Innovation in the data science stack is something that data scientists seem to be prepared for: JupyterLab was introduced to NERSC users as the default notebook option while it was still in beta, and we learned how to support it while users learned to use it. Users even share solutions or give us advice about issues with Jupyter. What we have found here is that proactive engagement with users about Jupyter plans, status, and feedback actually helps cultivate user interest in experimentation with new features as the need arises.
As supercomputing shifts to accelerator hardware to maintain performance growth as Moore's Law withers away, GPUs take center stage for Jupyter in HPC. Jupyter has become a principal platform for GPU-powered AI and analytics application workflows built on Tensorflow, PyTorch, and RAPIDS. NERSC's first production system with a GPU partition, Perlmutter, is arriving in 2021 with "built-in" Jupyter support from the vendor.

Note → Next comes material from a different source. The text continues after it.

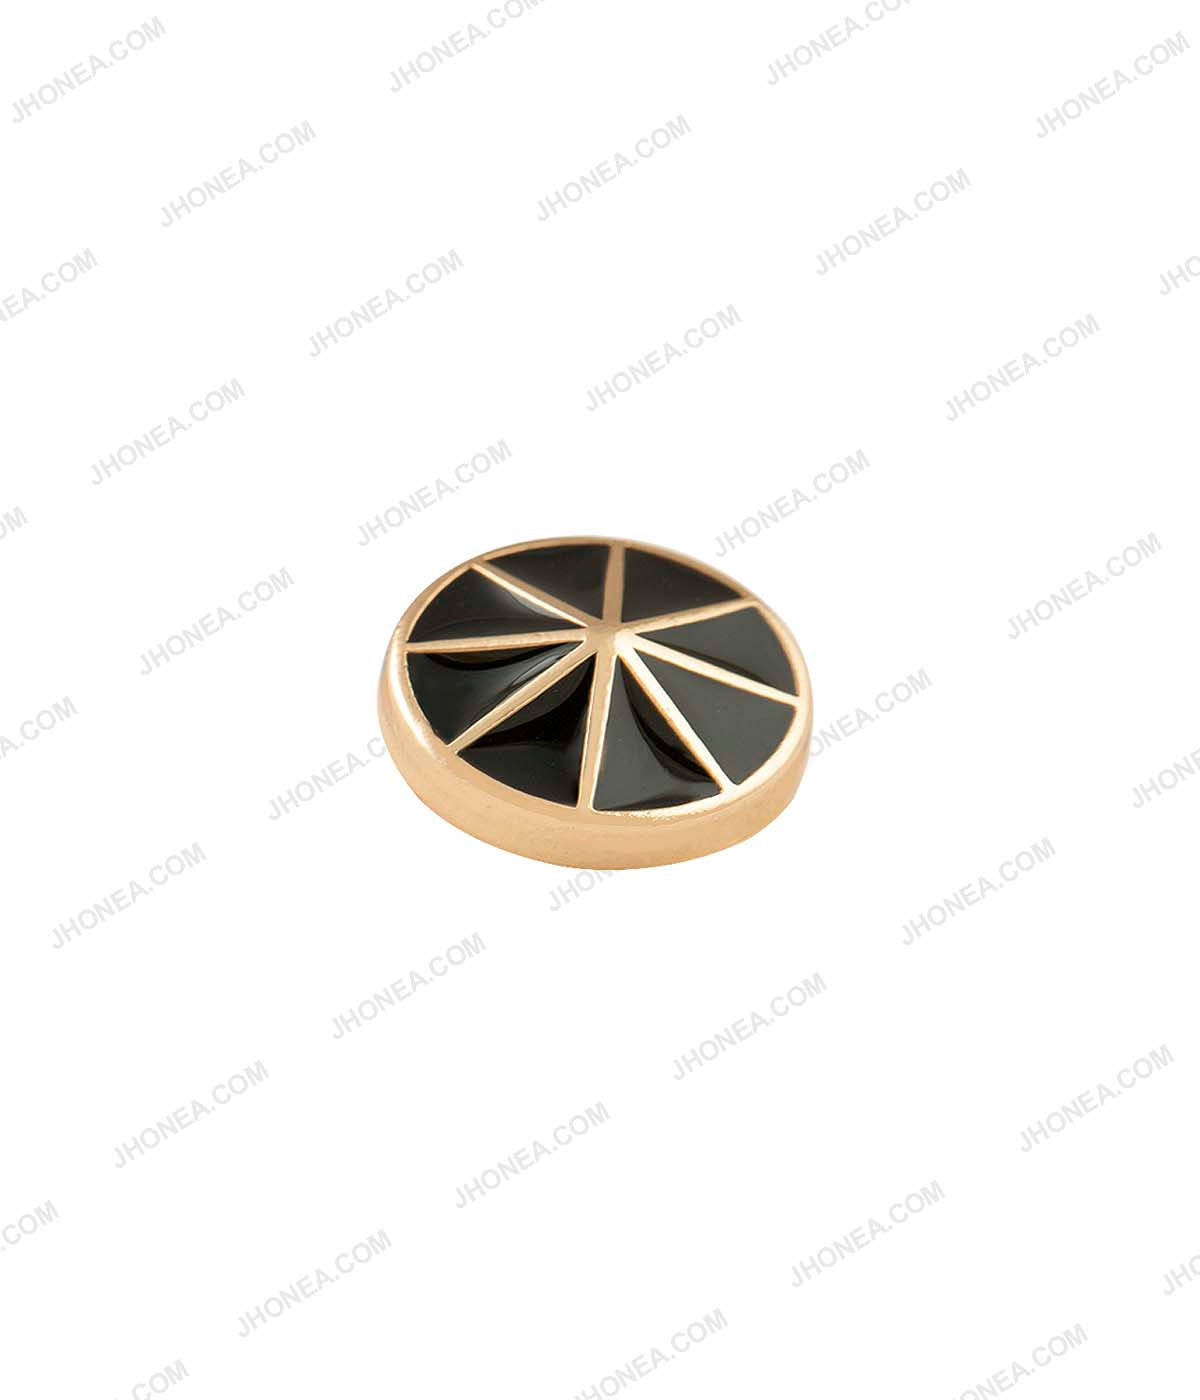 Black Enamel Shiny Wheel Design Surface Shirt Buttons
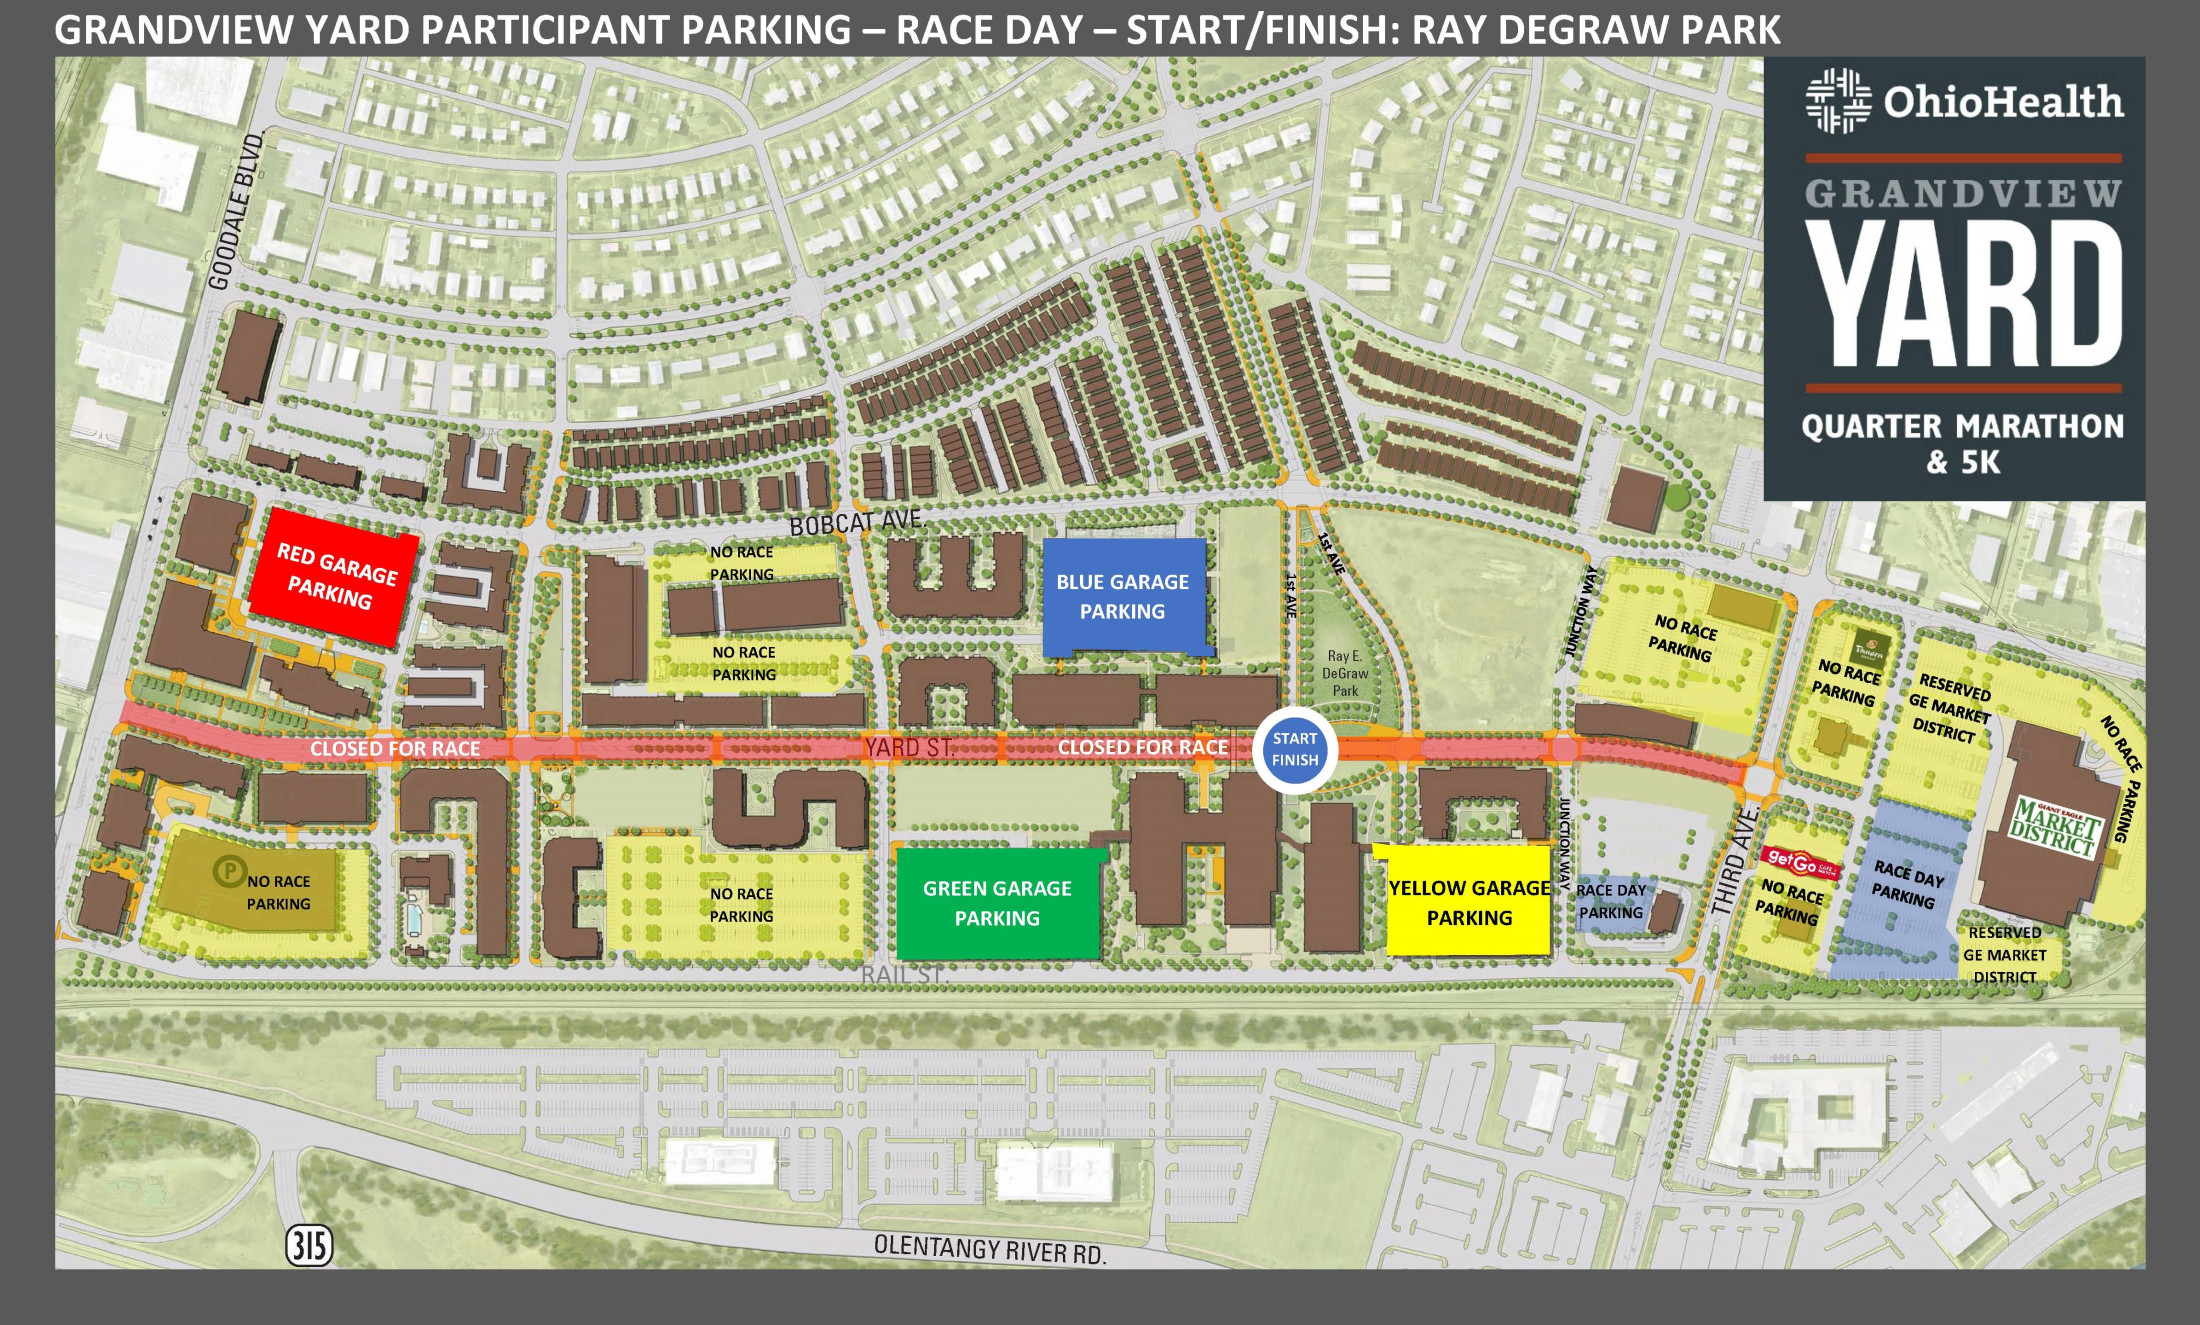 Parking Map » OhioHealth Grandview Yard Quarter Marathon & 5K

This is happening because system vendors see Jupyter as a key component of the data/AI ecosystem and are motivated to engage with HPC centers to meet user needs.
Rollin add back paragraph about engagement: Authorea ate it.

Use Cases

We noticed some common patterns in our engagements with scientific users that use Jupyter for their computational workflows on NERSC systems. At the highest level there is a need for combining exploration of very large datasets with some computational and analytical capabilities. Crucially the scale of data or compute (or both) required to enable these workflows typically exceeds the capacity of the users own machines and the users need a user-friendly way to drive these large-scale workflows interactively.
We often see a two phased approach, where the user performs some local notebook development and then runs these on machines like NERSC on their production data and compute pipelines. It is important to be able to seamlessly go between these modes and our approach is grounded in trying to make sure that a user can easily take a notebook and its associated environment over to our systems, with minimal effort and making sure that they have a consistent user experience.
As an example, we describe a use case [ref: Heagy et al.] applying geophysical simulations and inversions for imaging the subsurface. This was done by running 1000 1D inversions that each produces a layered model of the subsurface conductivity, which are then stitched together to create a 3D model. The goal of this particular survey was to try and understand why the Murray River in Australia was becoming more saline. This involved running simulations, data analysis, and machine learning ML on HPC systems. The outputs of these runs need to be visualized and queried interactively. The initial workflow was developed on the users local  laptop environment, and needed to be scaled up at NERSC.
In practice this involves running Jupyter at NERSC in a Docker container with a pre-defined reproducible software environment. Parallel computing workers are launched on Cori from Jupyter with the "Dask-jobqueue" Jupyter extension. Workers can be scaled up or down on-demand. The SimPeg Inversion notebook farms out parallel tasks to Dask - the results of these parallel runs are pulled into notebook and visualized. Running of a large batch of simulations is then used to generate data for a machine learning application.